Let's Encrypt for Nginx on Ubuntu
Prerequisities
sudo apt-get update
sudo apt-get install git bc
sudo git clone https://github.com/certbot/certbot /opt/certbot
Add new host
Without proxy_pass
sudo nano /etc/nginx/sites-available/myhost.com
Add following to your server{}
block
location ~ /.well-known {
allow all;
}
-
Reload nginx conf with
sudo service nginx reload
-
Request a certificate with
/opt/certbot/certbot-auto certonly -a webroot --w=/home/myhost/public -d www.myhost.com -d myhost.com
-
Add your e-mail to the prompt and agree to the terms (first time only)
With proxy_pass
If you are using proxy_pass we can’t just create files in the root, because there is no root. For this we need to create a dummy root.
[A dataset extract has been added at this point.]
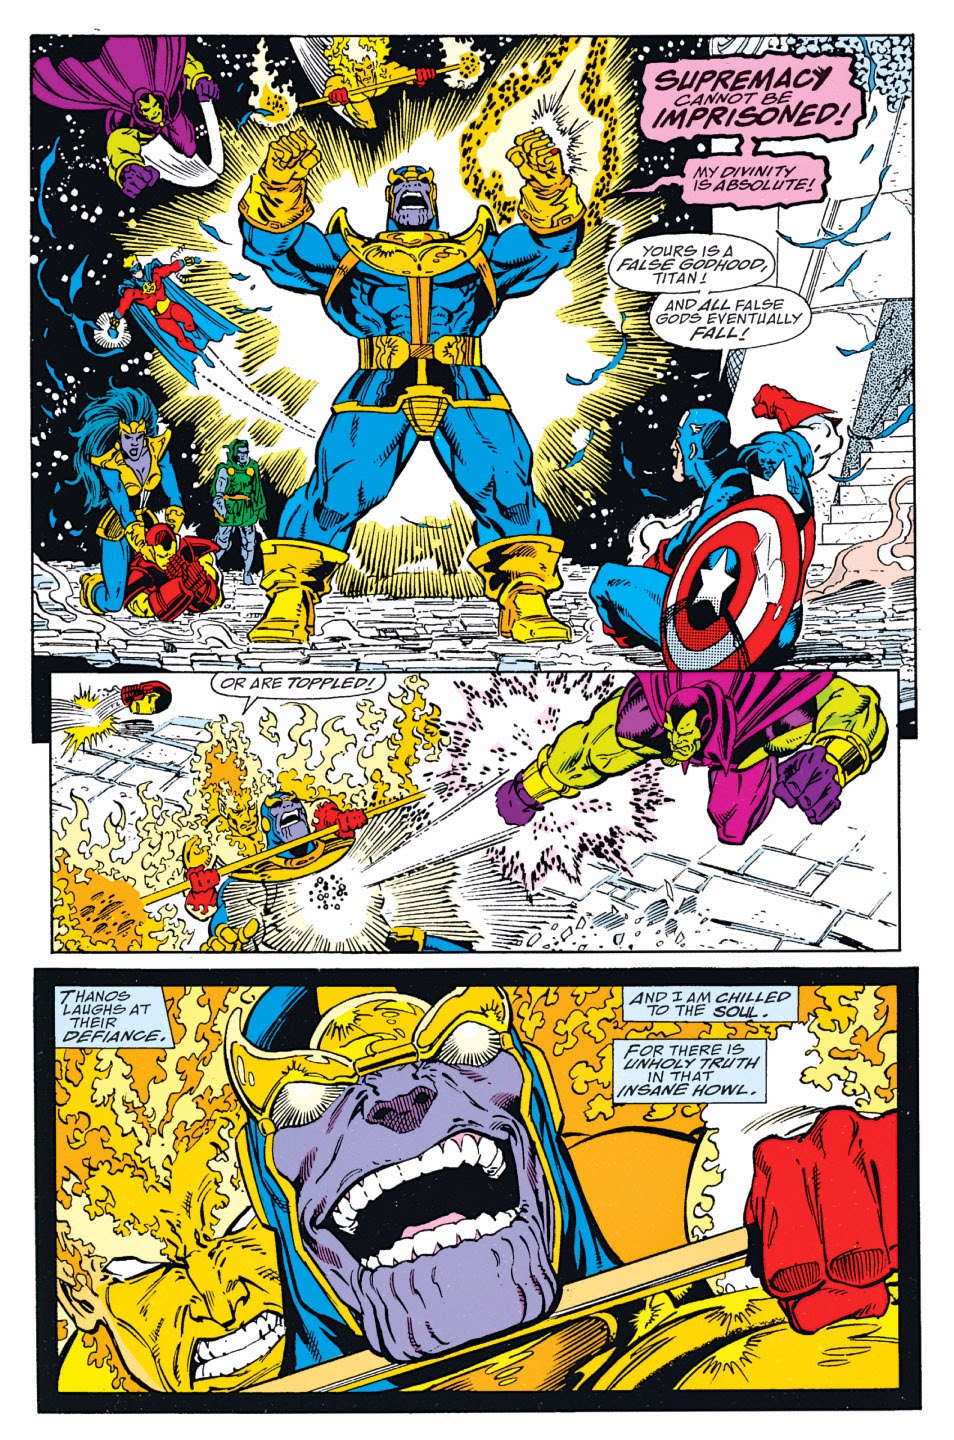 Infinity Gauntlet V1 04 Of 06 1991 Viewcomic Reading Comics Online For Free 2019 - sinrobloxheroes online 4 รวว ถงมอ infinity gauntlet

- Create a dummy directory for the response files
sudo mkdir -p /var/www/proxypass/myhost.com
- Add the dummy directory
location ~ /.well-known {
allow all;
root /var/www/proxypass/myhost.com;
}
-
Reload nginx conf with
sudo service nginx reload
-
Now you can generate a cert with
/opt/certbot/certbot-auto certonly -a webroot -w=/var/www/proxypass/myhost.com -d www.myhost.com -d myhost.com
Use the issued certificate
sudo nano /etc/nginx/sites-available/myhost.com
Make your server block look something like this to use the generated certificates
server {
listen 80; # Redirect all port 80 traffic to https
server_name myhost.com www.myhost.com;
return 301 https://$host$request_uri;
}
server {
listen 0.0.0.0:443 ssl;
listen [::]:443 ipv6only=on ssl default_server;
server_name myhost.com www.myhost.com;
server_tokens off;
root /home/myhost/public;
location ~ /.well-known {
allow all;
}
ssl on;
ssl_certificate /etc/letsencrypt/live/myhost.com/fullchain.pem;
ssl_certificate_key /etc/letsencrypt/live/myhost.com/privkey.pem;
}
- Reload nginx conf again with
sudo service nginx reload
Auto renew
Open up crontab sudo crontab -e
and add the following
# Let's Encrypt refresh
27 */12 * * * /opt/certbot/certbot-auto renew --quiet --no-self-upgrade >> /var/log/letsencrypt-crontab.log
32 */12 * * * /etc/init.d/nginx reload
This will renew certificates two times a day (00:27 and 12:27) and then reload the nginx configuration 5 minutes later.
From the documentation:
If you’re setting up a cron or systemd job, we recommend running it twice per day (it won’t do anything until your certificates are due for renewal or revoked, but running it regularly would give your site a chance of staying online in case a Let’s Encrypt-initiated revocation happened for some reason). Please select a random minute within the hour for your renewal tasks.